From that perspective, a technological fix like thorium might buy us hugely important breathing time to address issues of resource depletion and climate change. A fix that could close the energy gap on such a scale, as well as positively impacting on CO2 emissions might buy us the time to see and try to address other issues of over-population, top-soil shortages, NPK shortages, etc. I think we are on the brink of global disaster and that it is too late to avert some deeply unpleasant events, particularly in the developing world, but fast-tracking thorium R&D is a far better idea than CCS, IGCC, etc on the energy front, ant at least as productive as bank bailouts on the financial front (since that money is just being poured down the drain anyway).

I apologise for ranting at length, but it irks me when otherwise intelligent people adopt such binary positions on issues such as renewables/thorium. We owe it to future generations to do our best to provide solutions to the problems we and our forebears laid up for them and the planet. I assume it is fairly clear that I am what would be called a doomer, but I still hope that there might be some technology fix that allows to buy the breathing time to avert total collapse.
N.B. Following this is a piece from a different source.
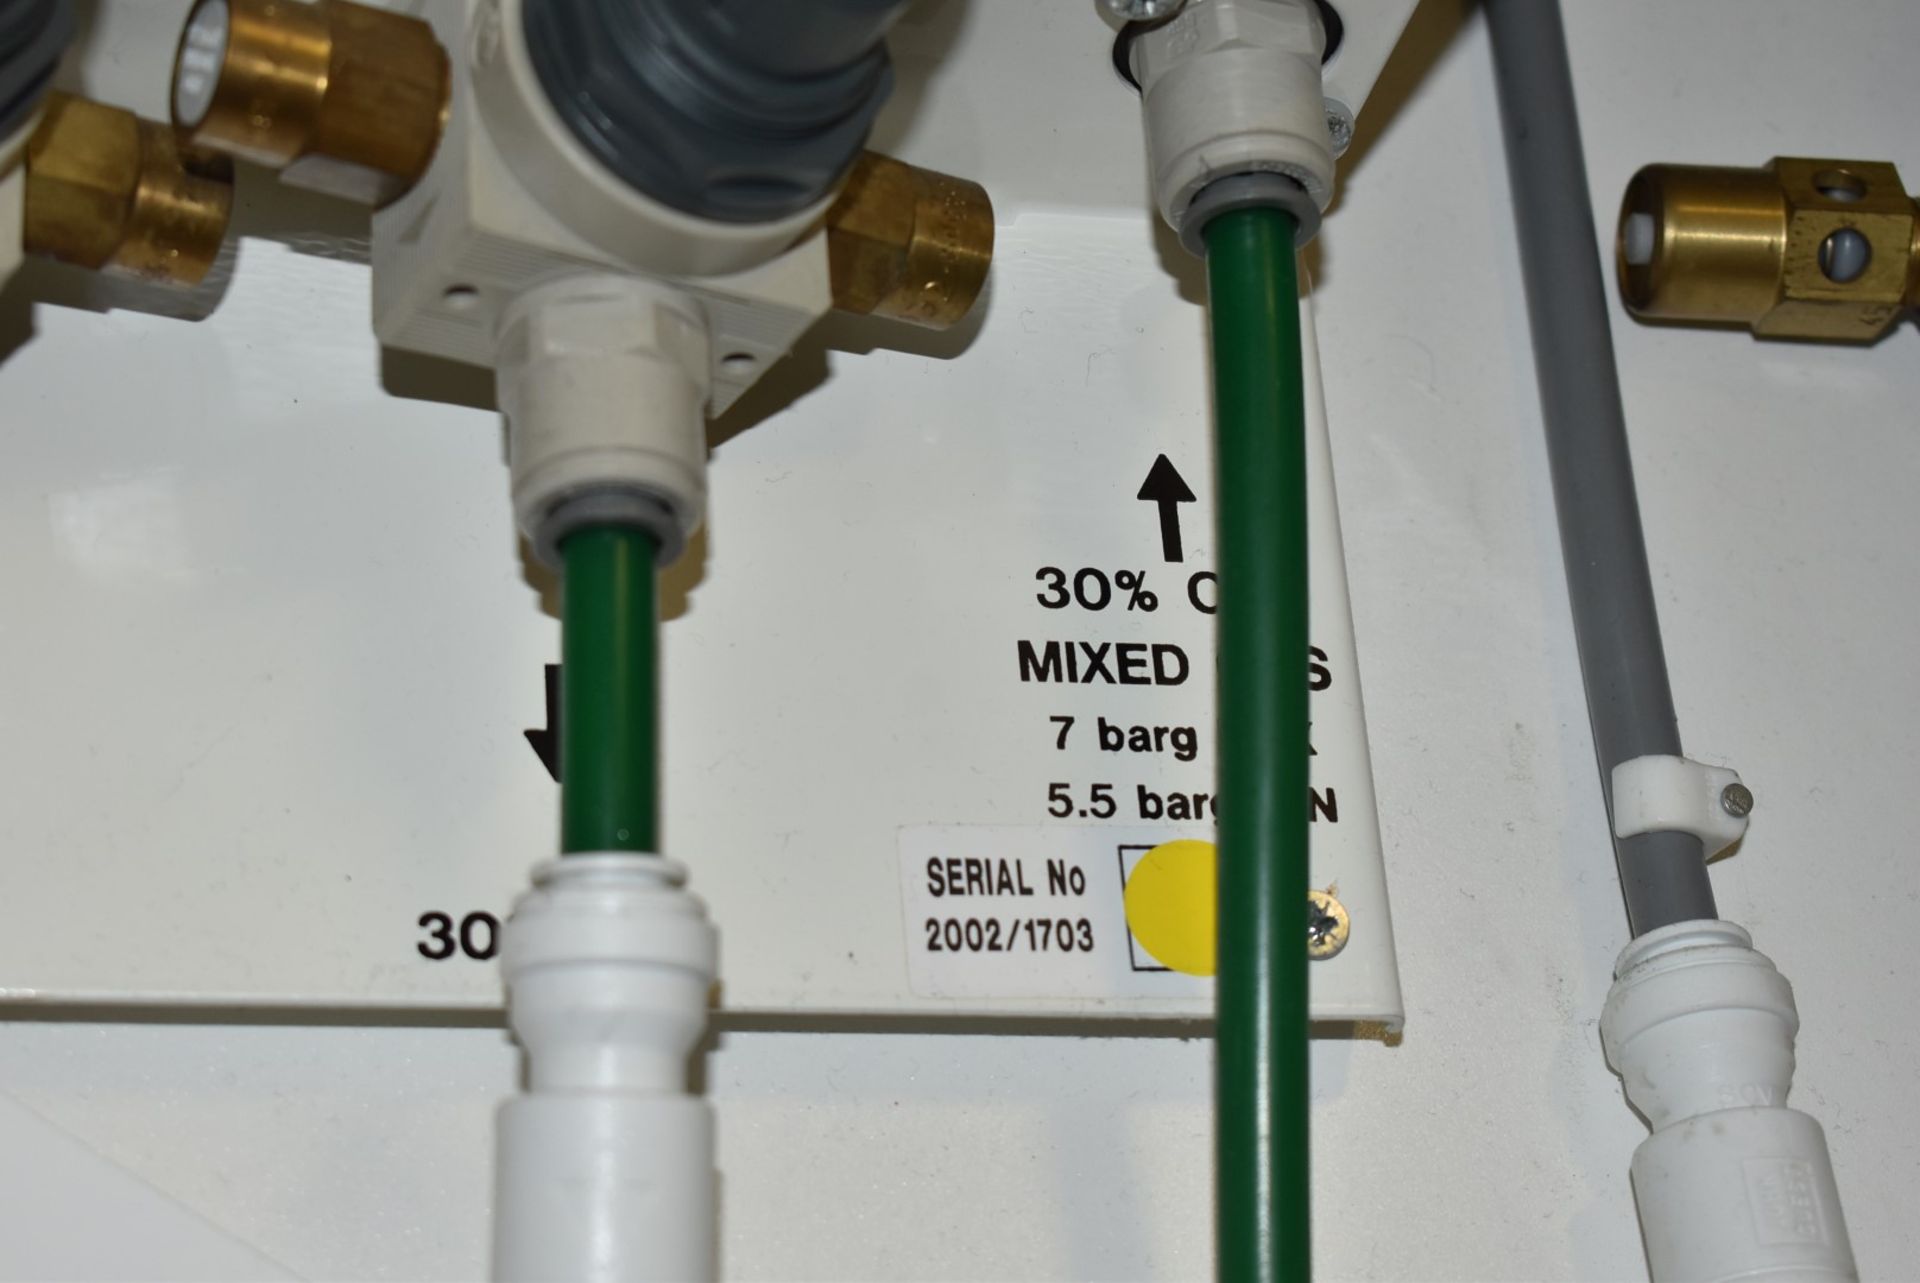 1 x Hubbard Wine or Beer Celler Cooling Unit, Beer Pumps, Coca Cola Bulk Supply, Keg Connectors - Image 16 of 20

Thorium might be one and, as such, we need to have a close look, because IF it does what Charles says it can, then it is better than anything else we have at present, other than voluntarily powering-down.

Well said.

It is indeed rather dismal that the debate is still very polarized, with a strong antagonist and protagonist camp.

But, with the LFTR, it looks to me that the debate is starting to become more constructive.

In summary, it is not a binary choice, we can have both if it makes sense to do so.

Given our short-term situation WRT natural gas, it makes no sense NOT to build wind like crazy for the next decade-plus.

The big question is what to do beyond that, and it appears to me that wind and molten-salt reactors are complementary.  One of the difficulties with wind is the need for energy storage.  Compressed air (CAES) has been proposed as a solution, but it requires a source of heat at the expansion stage.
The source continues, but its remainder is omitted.